FDA Declines To Approve MDMA-Assisted Psychotherapy as a PTSD Treatment
The FDA, which approved the protocols for the studies it now questions, is asking for an additional Phase 3 clinical trial, which would take years and millions of dollars.

The Food and Drug Administration (FDA) declined on Friday to approve MDMA-assisted psychotherapy as a treatment for post-traumatic stress disorder (PTSD). The agency has asked Lykos Therapeutics, which submitted the new drug application (NDA) in February, to conduct an additional Phase 3 clinical trial, which would take years and millions of dollars.
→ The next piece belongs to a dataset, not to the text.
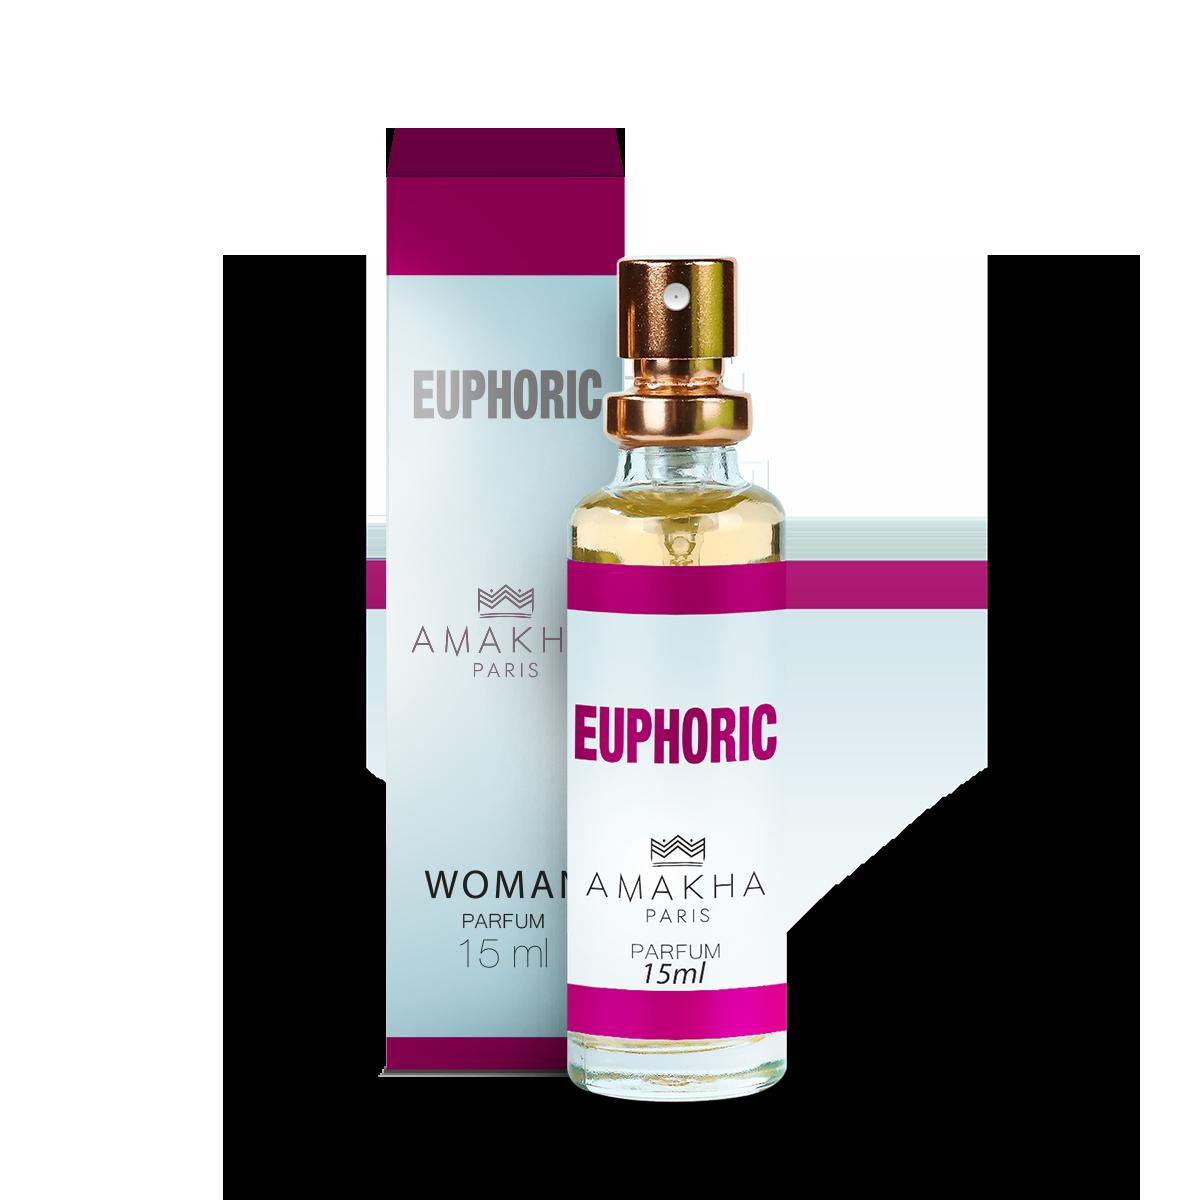 Perfume Euphoric Amakha Paris

It is a major setback that dismayed veteran advocates and others who see MDMA as a potentially life-changing psychotherapeutic catalyst for people struggling with longstanding psychological challenges that currently approved treatments have not adequately addressed.
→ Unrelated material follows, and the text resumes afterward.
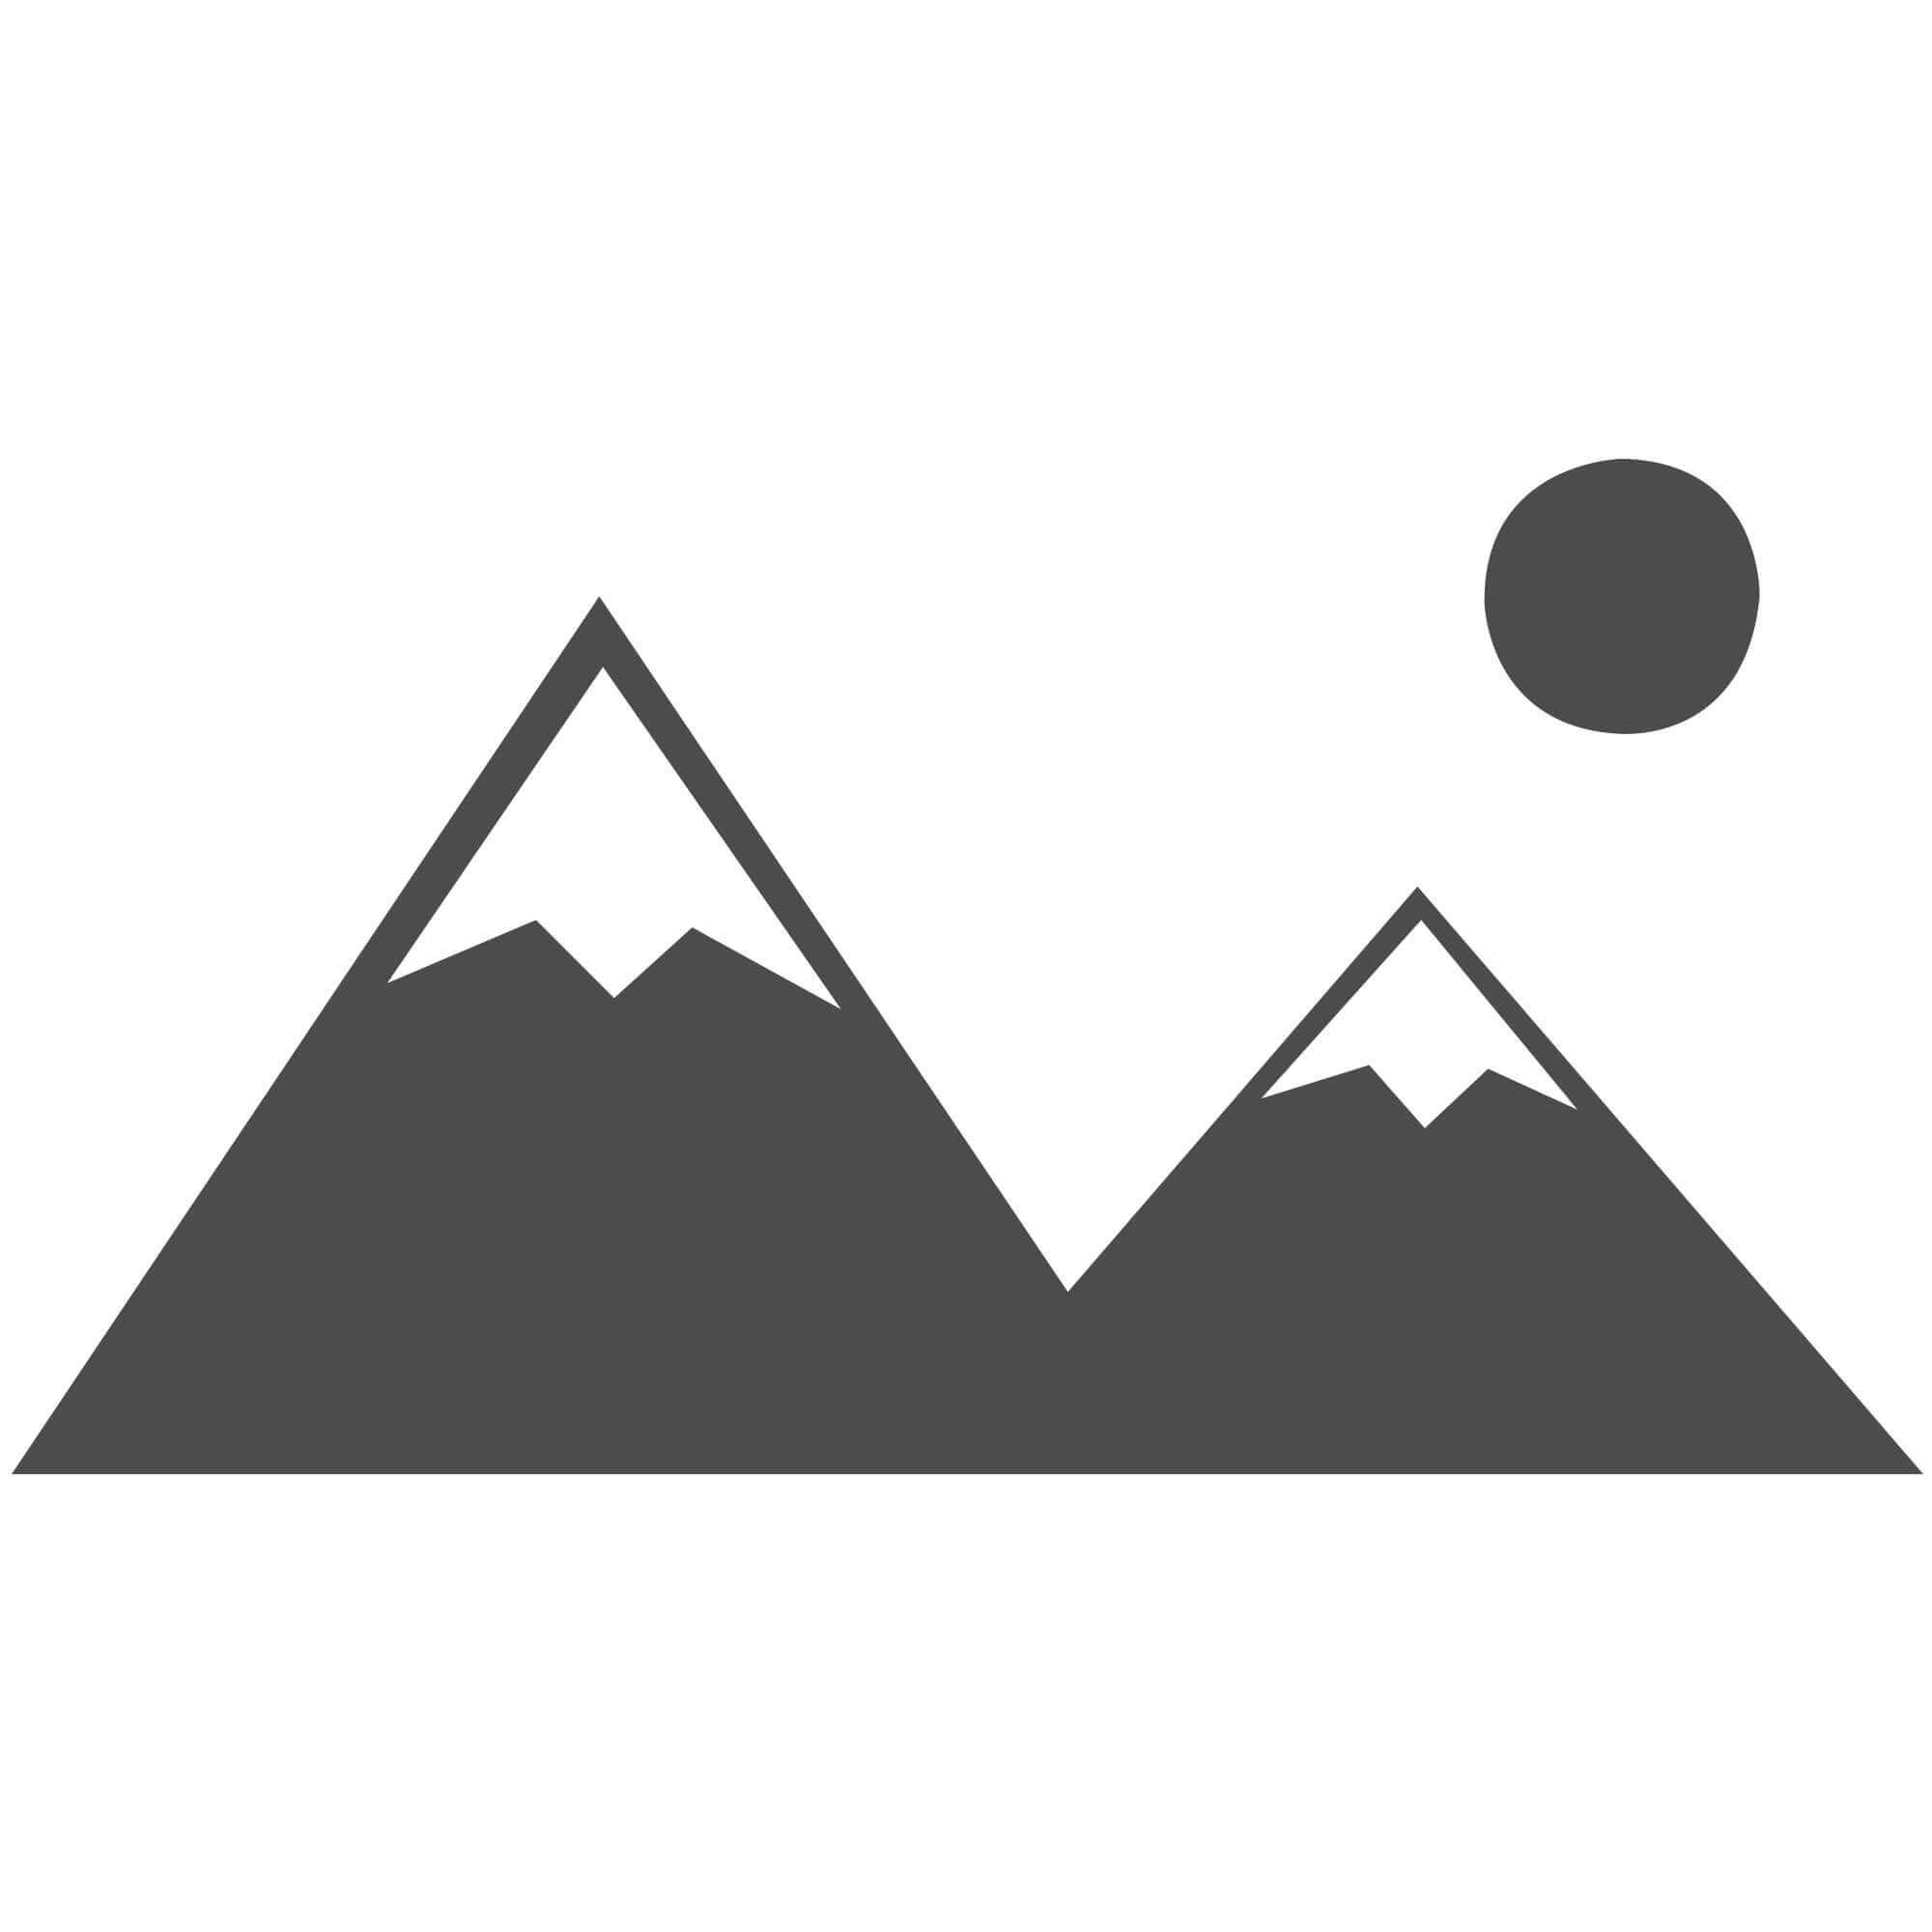 Dovre 425 Ivory White enamel wood burning / multifuel stove

"The FDA request for another study is deeply disappointing, not just for all those who dedicated their lives to this pioneering effort, but principally for the millions of Americans with PTSD, along with their loved ones, who have not seen any new treatment options in over two decades," said Amy Emerson, CEO of Lykos Therapeutics, a company created by the Multidisciplinary Association for Psychedelic Studies (MAPS), in a press release. "While conducting another Phase 3 study would take several years, we still maintain that many of the requests that had been previously discussed with the FDA and raised at the Advisory Committee meeting can be addressed with existing data, post-approval requirements or through reference to the scientific literature."
The decision was a huge disappointment to advocates of a treatment that the FDA recognized as a "breakthrough therapy" in 2017—especially since the two Phase 3 trials, which were published by Nature Medicine in 2021 and 2023, had found that subjects who took MDMA fared substantially better than subjects who underwent the same psychotherapy but took a placebo. In the 2021 study, two-thirds of the MDMA group "no longer met the diagnostic criteria for PTSD," compared to a third of the control group. In the 2023 study, more than 70 percent of the MDMA group no longer qualified for a PTSD diagnosis, compared to 48 percent of the control group.
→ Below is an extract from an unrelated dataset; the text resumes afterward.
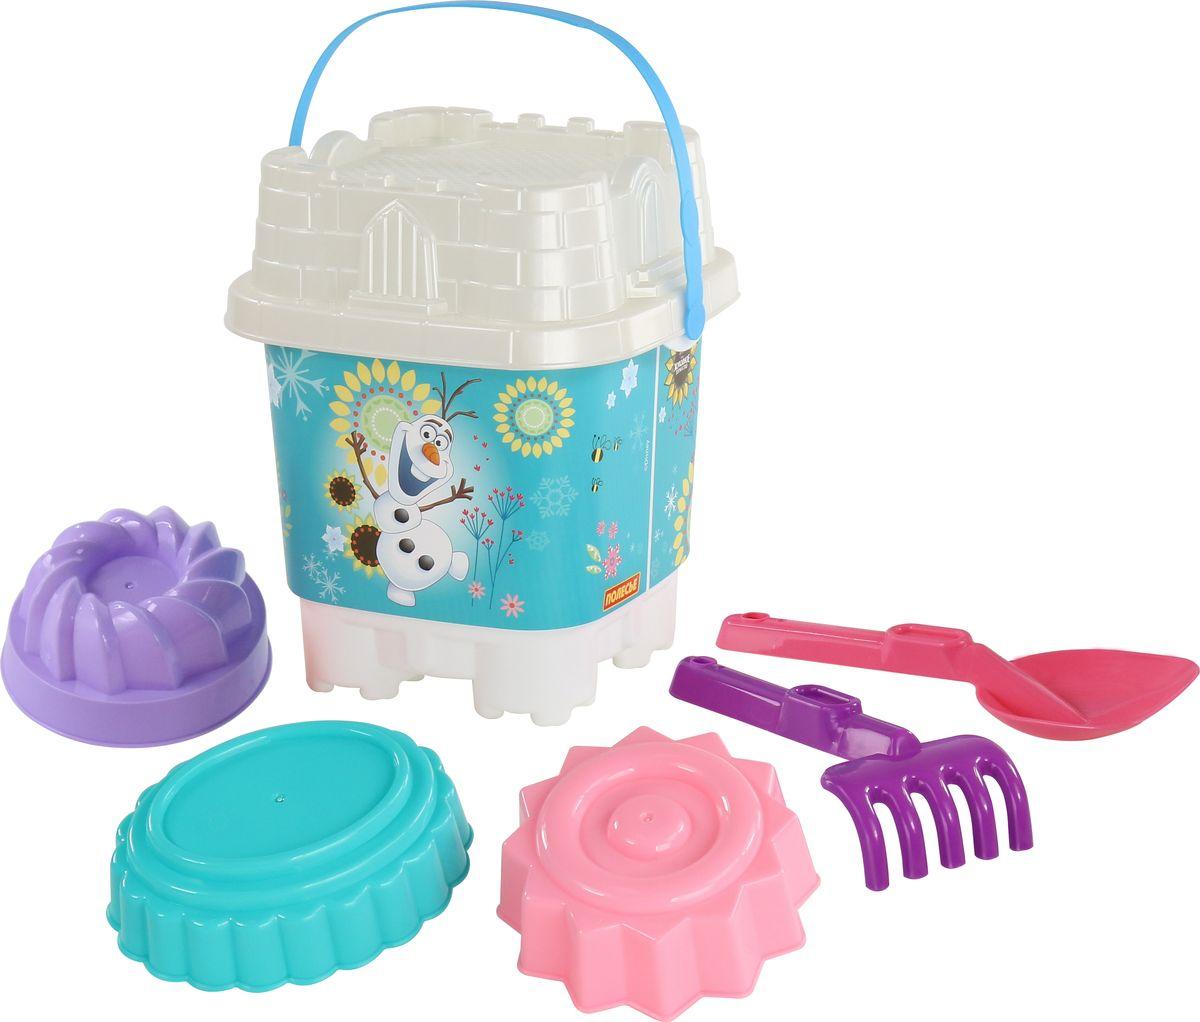 Disney Набор игрушек для песочницы Холодное сердце №17, цвет в ассортименте

The FDA's decision nevertheless was unsurprising in light of an advisory panel's June 4 recommendation against approval. The committee, which included just one scientist with experience in psychedelic research, overwhelmingly concluded that MDMA's effectiveness had not been adequately established and that its benefits had not been shown to outweigh its risks. The FDA's concerns are rather puzzling, given that Lykos worked with the agency every step of the way to develop an acceptable research protocol.
The FDA declined to release the letter to Lykos in which it detailed those concerns, which it said is confidential. But the company's response suggests that the issues identified by the agency are similar to the ones highlighted by its advisers.
The company noted concerns that "Lykos' clinical data were insufficient to demonstrate durability." Lykos "believes that the data included in the NDA provide sufficient evidence of efficacy and durability in line with the relevant FDA guidance," the company said. "FDA's draft guidance for industry on psychedelic drugs indicates that endpoint data should be collected at 12 weeks; Lykos' Phase 3 studies collected endpoint data at 18 weeks, with additional exploratory endpoints collected six months or more later."
The advisory panel also raised "questions about expectancy bias stemming primarily from participants with prior MDMA use." The concern was that subjects whose previous experience with MDMA was positive would be primed to expect good results in the clinical trials, which might have skewed the results. But Lykos notes that it "aligned with the FDA" on "a variety of bias minimization measures in the study design" and that "prior MDMA use among participants was not previously viewed as detrimental." About 30 percent of the subjects in the company's Phase 2 trials reported prior MDMA use, a fact that "was shared with FDA before establishing the inclusion and exclusion criteria in the Phase 3 trial design."
In the two Phase 3 trials, Lykos noted, the data indicated that "prior illicit MDMA use had no impact on the results." There "was no meaningful difference in primary outcome measure…or adverse events reported between the subgroup of Phase 3 participants who reported prior illicit MDMA use and the subgroup of participants who did not."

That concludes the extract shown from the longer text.